To support these two types of queries, we suggest a combined network and centralised relationships among the index servers. There would be a dedicated center or small set of centers that contain all the index information available. In addition, there would be a network of primary index servers that contains replicated copies of the most popular information and accumulate knowledge for query routing. The primary servers are the first servers client programs interact with. This architecture is designed to avoid accessing the centralised servers as much as possible by distributing answers to common queries. General queries will quickly encounter one of these primary servers and will be answered. Only queries needing detailed or complete information must be referred to the central servers.
Every primary server has a cache of all the information objects which have been retrieved on the server or through the server. The client program first submits a query to the local server. If the query requires complete information, it is passed to the central servers. Otherwise the local server processes the query in its local cache. If this local lookup fails, the server routes the query to the most relevant server according to some (heuristic) criteria. There, the procedure starts again. If the query is not answered after some fixed number of iterations, the query is routed to the central servers to be answered.
We plan to base our query routing decisions on two sources of information. The first source is information exchange among the index servers. The most distinguished subjects (according to some criteria) stored in a primary server's cache are periodically exported to the server's neighbours. The second source is the results of previous query routing. After a server answers a query, the result is returned through the same servers which originally routed the query. These servers can now identify the server which can answer queries of this type. The servers adjust their routing heuristics or, if the information is likely to be popular, store the reply in their cache.
Consequently, the computational and communication resources are never spent for nothing. If the resources do not directly answer a query, at least they assist in disseminating information about the distribution of information.
There are many possible variations in the strategy of storing information from replies in the cache. Caching of information need not happen every time a reply contains information the server did not previously know. The server might only cache the information if the cost of retrieving the information from the server which contains it is higher than some threshold and if this data is expected to be frequently used. In other words, if it is cheap enough to re-retrieve the data, there is no point in caching it.

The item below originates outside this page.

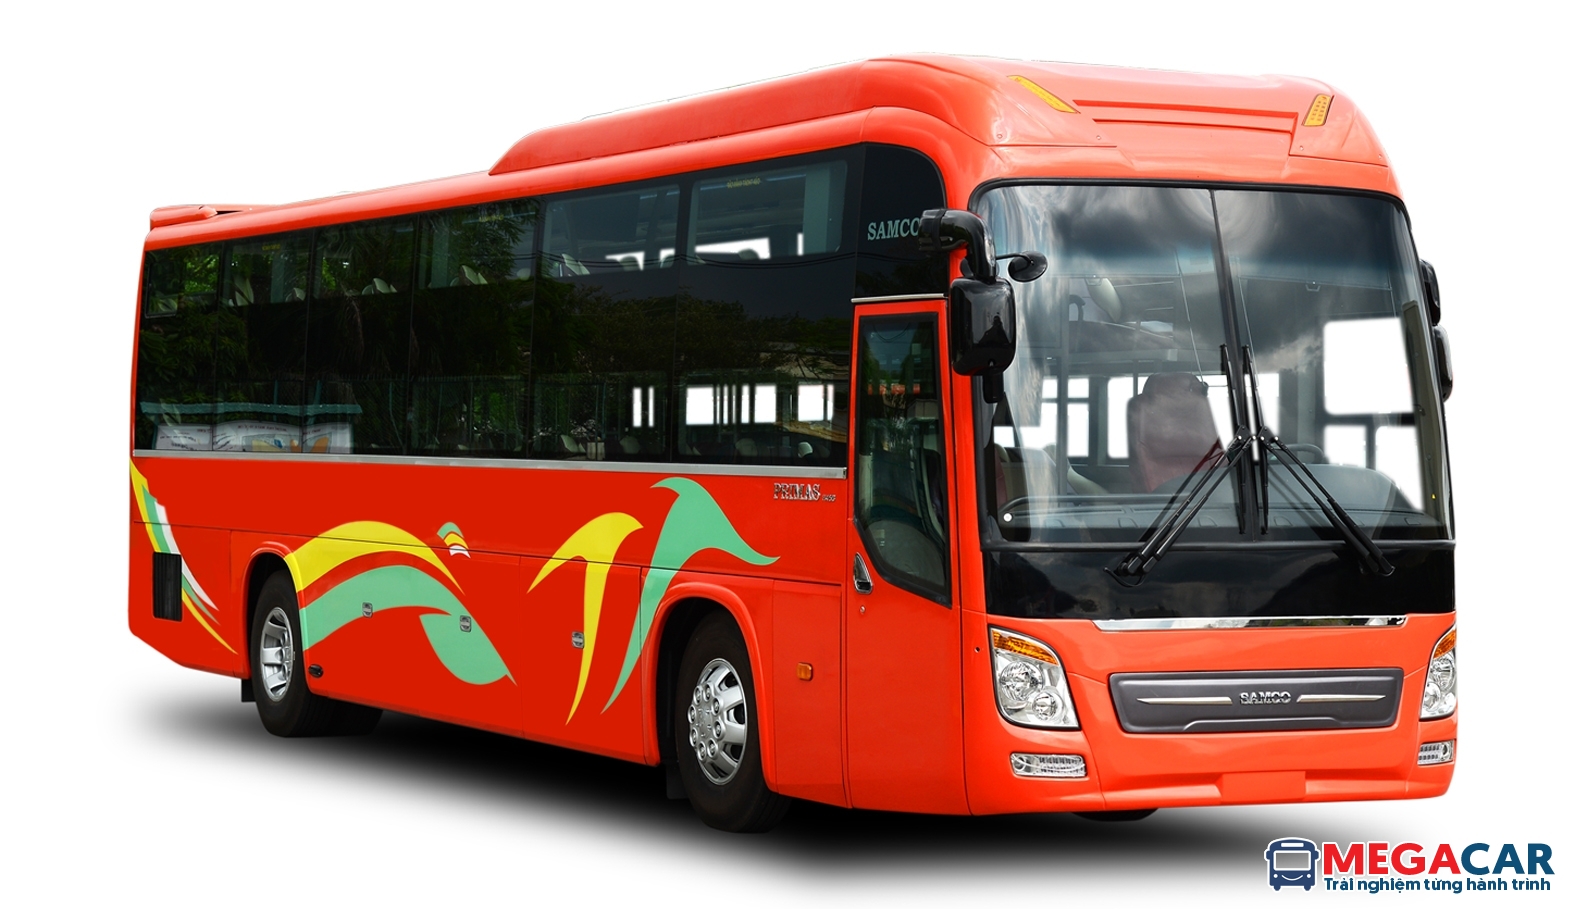 Danh sách xe khách Quảng Ninh đi Điện Biên uy tín cập nhật mới nhất - Megacar - Tổng đài đặt Xe Limousine và Xe giường nằm toàn quốc

It should be possible to adjust the strategies of query routing and cache substitution so that the servers will gradually specialise in particular topics. For example, suppose, server A contains data X1 in its cache. Neighbouring servers B, C, and D are continually asking A for X1, but do not store a copy of the data in their own cache because they do not consider it necessary according their cache substitution criteria. This flow of queries to A for X1 will keep X1 in the cache at A as long as X1 is popular. Now suppose that some client program requests server B for information X2 which is related to X1, but is not available on B. The query is routed to A because A contains X1, and X2 is related to X1. If A does not hold X2, nor does any close server, A will have to submit the query to a remote server or even to the centre and download the data. A's cache now contains two related pieces of data: X1 and X2. By this process the related information will be gradually collected on server A.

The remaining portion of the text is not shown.